Hey, I need a bit of help with a proof, please

[Morbid Steve]

Here's the item needing to be proofed (this is not homework, but I'm very interested in it).

Show that for each odd prime number y, there is exactly one positive integer x such that x(x+y) is a perfect square.


Thanks for any help/leads, etc..

-Steve

 

[shmoe]

If x(x+y) is a perfect square, show that x and x+p are relatively prime. What can you then say about x?

 

[maverick6664]

hmm...this looks stalled, so I'll write the whole proof
Since $$x(x+y)$$ is a perfect square, $$x$$ must be a perfect square.

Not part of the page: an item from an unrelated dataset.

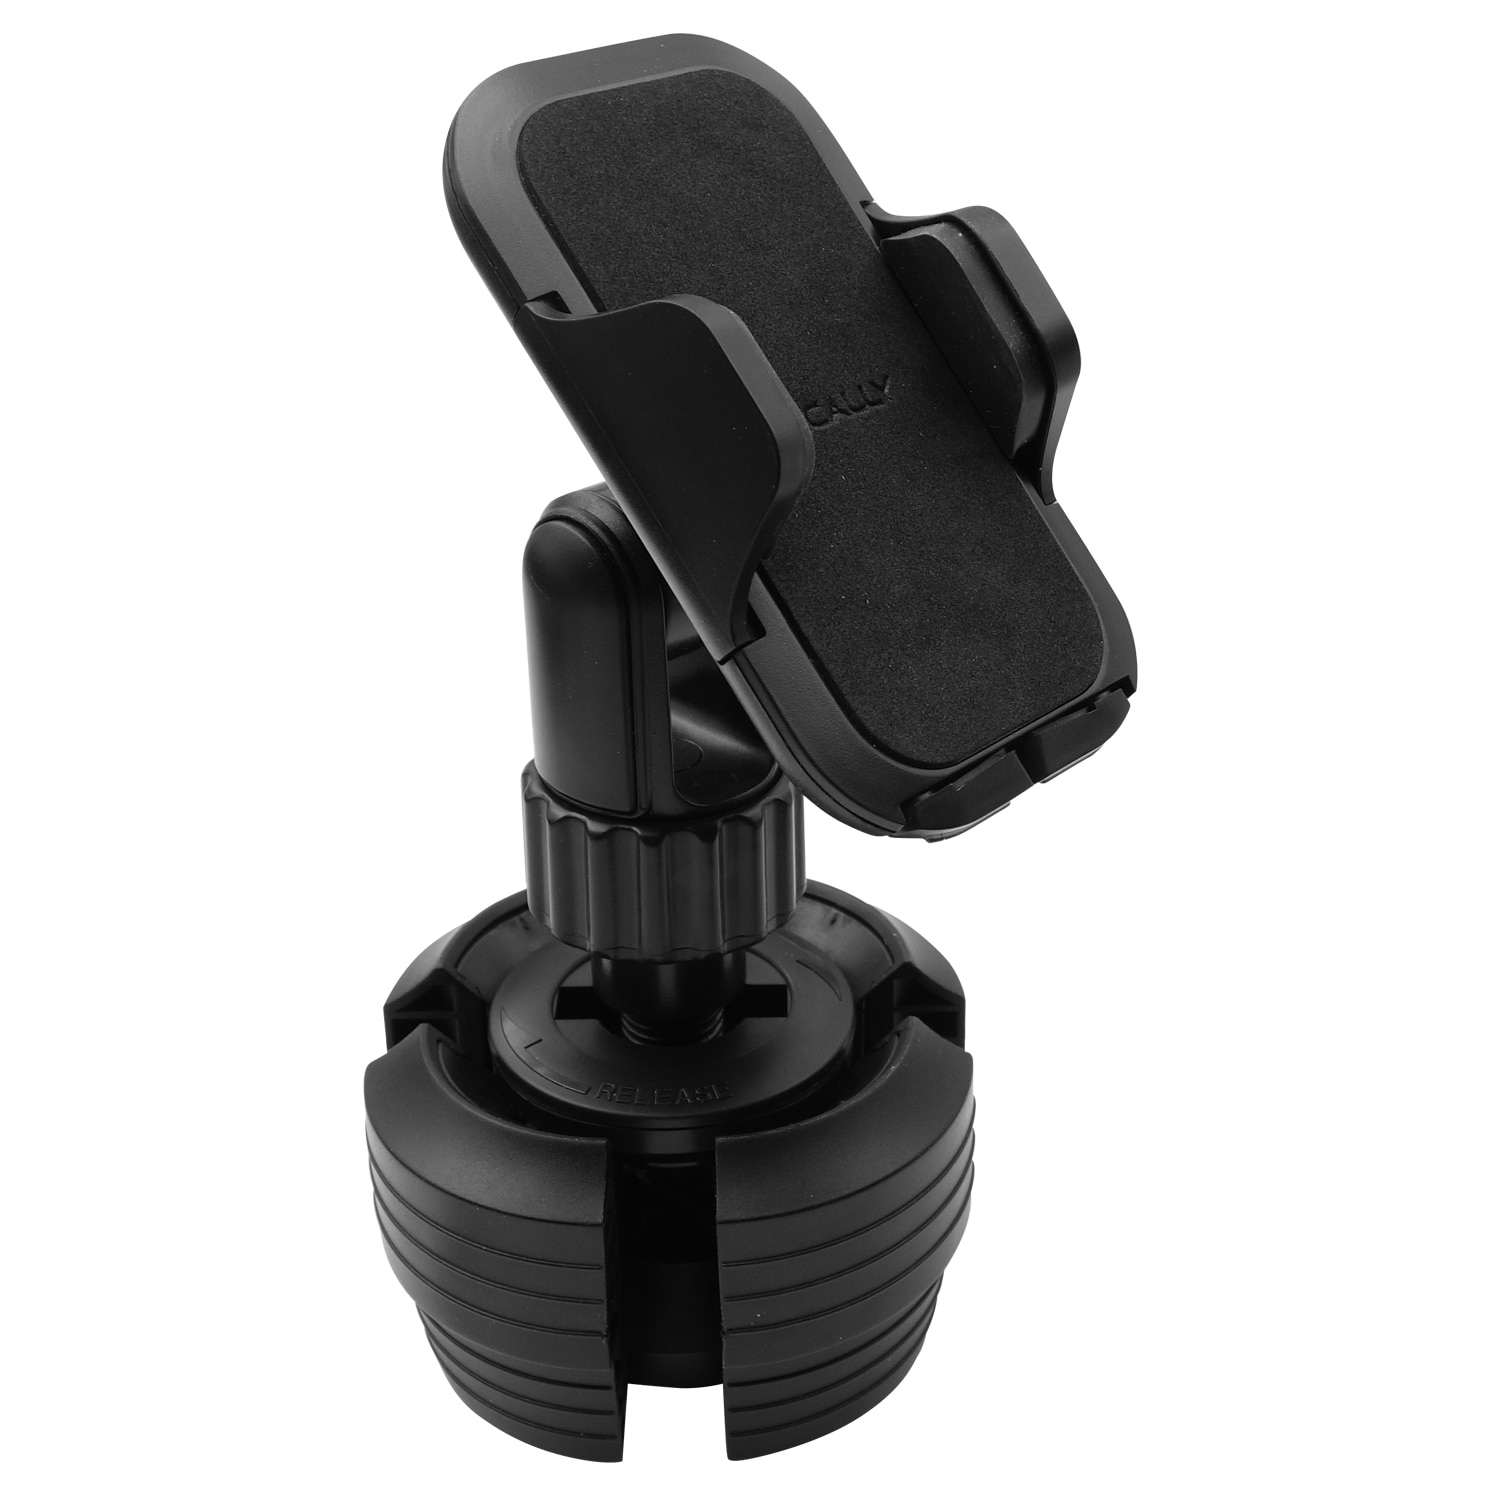 ToughTested Boom Adjustable Mobile Cup Holder Mount for Most Cell

Proof: $$x(x+y)$$ can be of $$a^2b^2$$ form or $$a^2 b^2 c^2$$ form. If $$x$$ isn't a perfect squre, $$x$$ can be of one of forms: $$x=a$$ or $$x=a^2 b$$, and then $$x+y = a b^2$$ or $$x+y=b$$ or $$x+y=b c^2$$ respectively, but in any case, $$x$$ and $$x+y$$ has a common measure. This contradicts the fact $$y$$ is a prime number.

Now we can write $$x = a^2$$ and so $$x+y=d^2$$. Then $$y =(x+y) - x = d^2 - a^2 = (d+a)(d-a)$$. Now that $$y$$ is a prime number, $$d-a$$ must be 1 (notice $$y$$ cannnot be factorized)! So $$d = a+1$$ and $$y = d+a = 2a+1$$. So $$x = a^2 = ((y-1)/2)^2$$ and this is the only possible value of $$x$$.

This is just my solution, so there may be better solutions.